To secure the network, each validator had to stake 32 ETH into the smart contract. Then the Beacon Chain deactivated validators whose balance reached 16 ETH. Randomly chosen validators could then build a block each 12 seconds. At the merge, the Beacon chain became part of the new Ethereum PoS network, and its validators came along with it.
The Beacon Chain started with 21,063 validators. Post-merge, these are the validators of the Ethereum PoS network and there are over 500,000 of them.
Beacon Chain Impact
Now, let’s see how it impacted the wider Ethereum network.
Security: Staking on Ethereum
In introducing PoS to Ethereum, the Beacon Chain brought staking to the network. If you don’t already know, check out the Ledger Academy article on what crypto staking is. But for the Ethereum network, it involves staking Ethereum by locking ETH in a deposit contract.
According to data from Etherscan, the Ethereum Beacon Chain staking contract held more than 16 million ETH tokens at the time of the Merge, which is equivalent to over $22 billion, representing more than 13% of the coin’s market cap.
While staking has been live since Dec. 1, 2020, right from the Beacon Chain’s initiation, staked ETH can’t be withdrawn yet. This functionality is expected to be included in the next network upgrade, named Shanghai. The Shanghai upgrade will take place in April 2023, and it will finally allow participants to unlock their ETH.
Scalability: Sharding Ethereum Becomes Possible
With the Beacon Chain merged, the Ethereum community is now equipped to explore different ways of scaling the network.
Previously, scaling solutions involved rollups or sidechains.
Blockchain rollups rely on the Ethereum mainnet for security, but they are capable of executing transactions outside the main chain. A good example of an Ethereum project using this scaling solution is Immutable X.
Then, sidechains are independent blockchains that communicate with the main chain via a two-way bridge, such as how Polygon does with Ethereum.
However, moving to a proof of stake consensus also allows the implementation of another scaling solution: Sharding.
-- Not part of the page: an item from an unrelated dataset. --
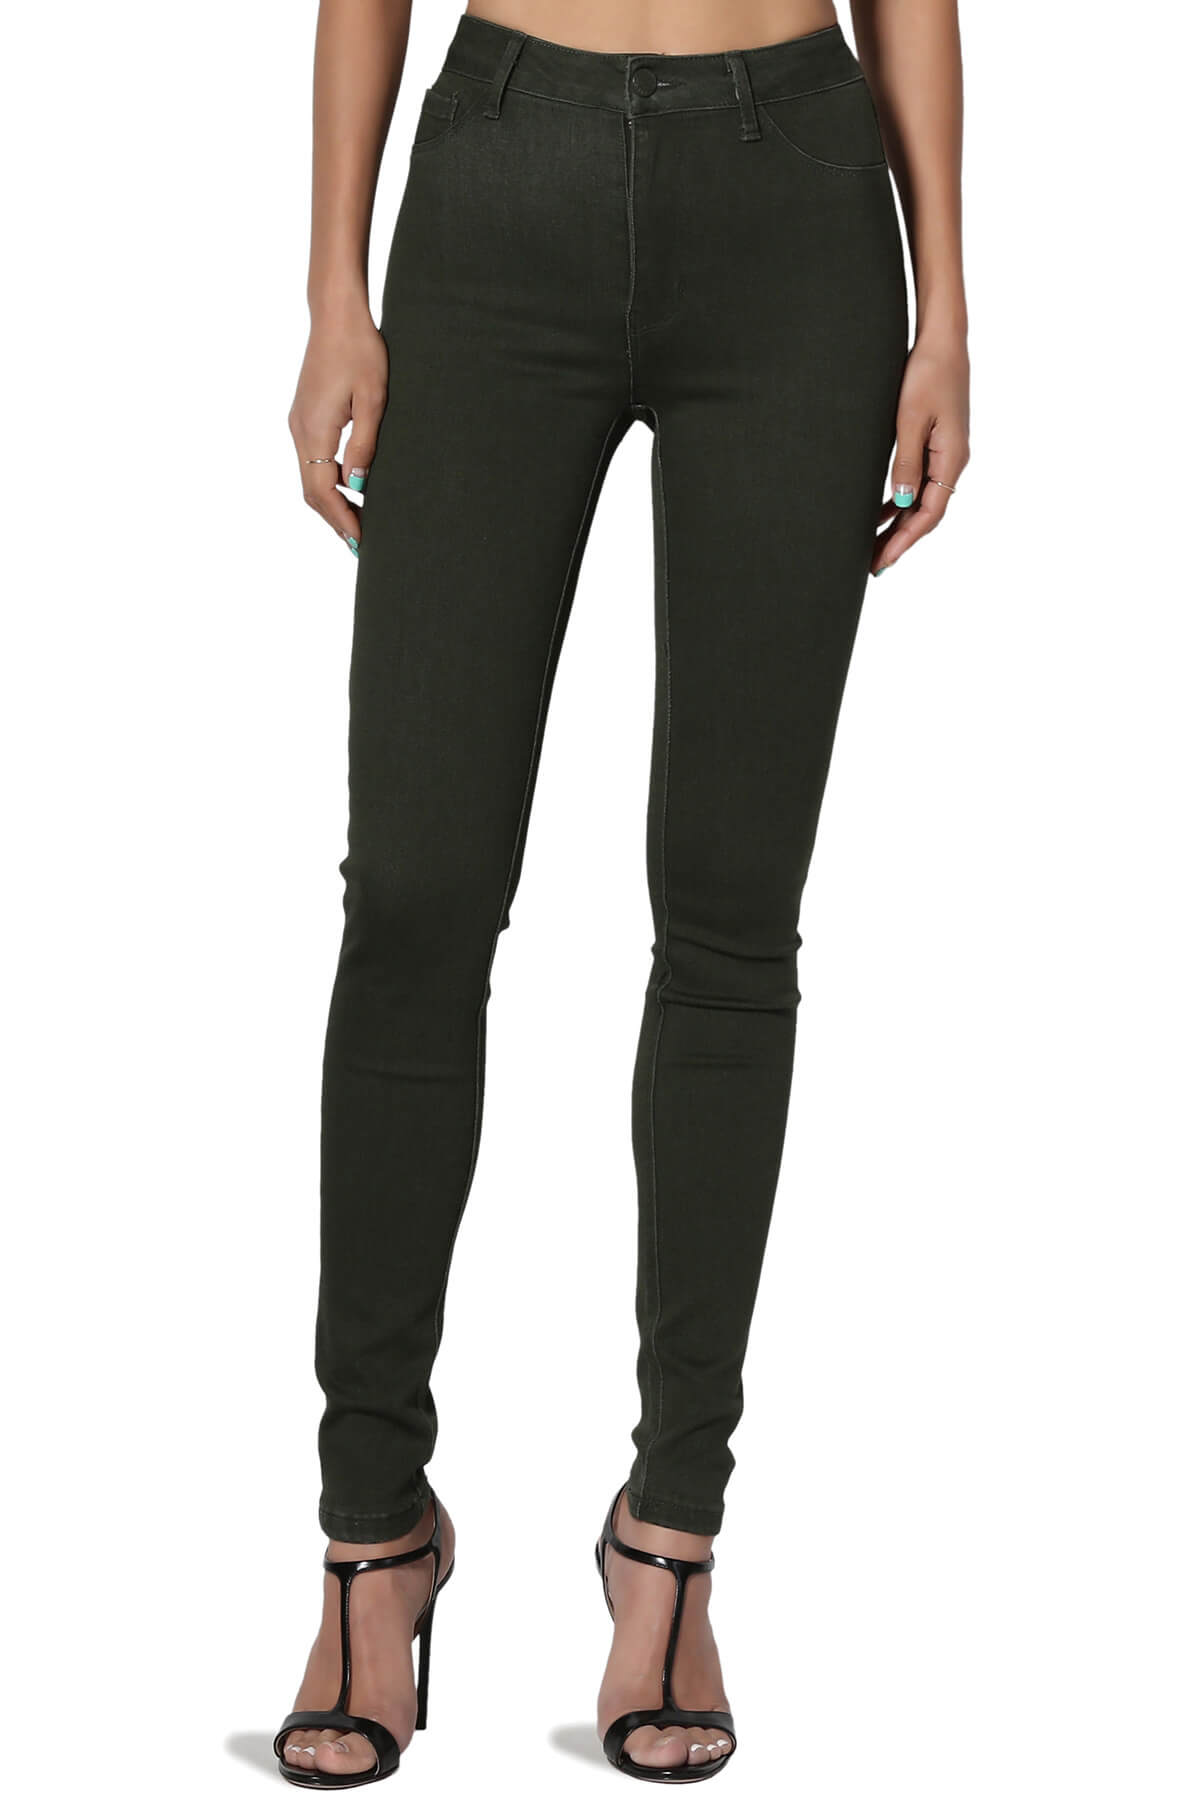 Women's Must-Have Colored High Rise Ankle Skinny Jeans Stretch Denim Jeggings - image 1 of 7

Sharding involves splitting the main Ethereum network into multiple chains called “shards,” with each shard chain having its independent state. This would allow the Ethereum network to process more transactions than it currently handles and dramatically improves its scalability.
It is a multi-phase upgrade that provides secure distribution of data storage requirements, enabling low crypto gas fees while leveraging the security of Ethereum.
The Future of Ethereum Upgrades
The Beacon Chain has made it possible for Ethereum to become one of the most secure and reliable blockchain networks in existence today. Co-founder of Ethereum Vitalik Buterin suggested that the Merge and then the Shanghai upgrade are by no means the end of the story for the Ethereum network. In the future, we may see major upgrades to the network’s capabilities, from the Ethereum Virtual Machine to the network’s very consensus.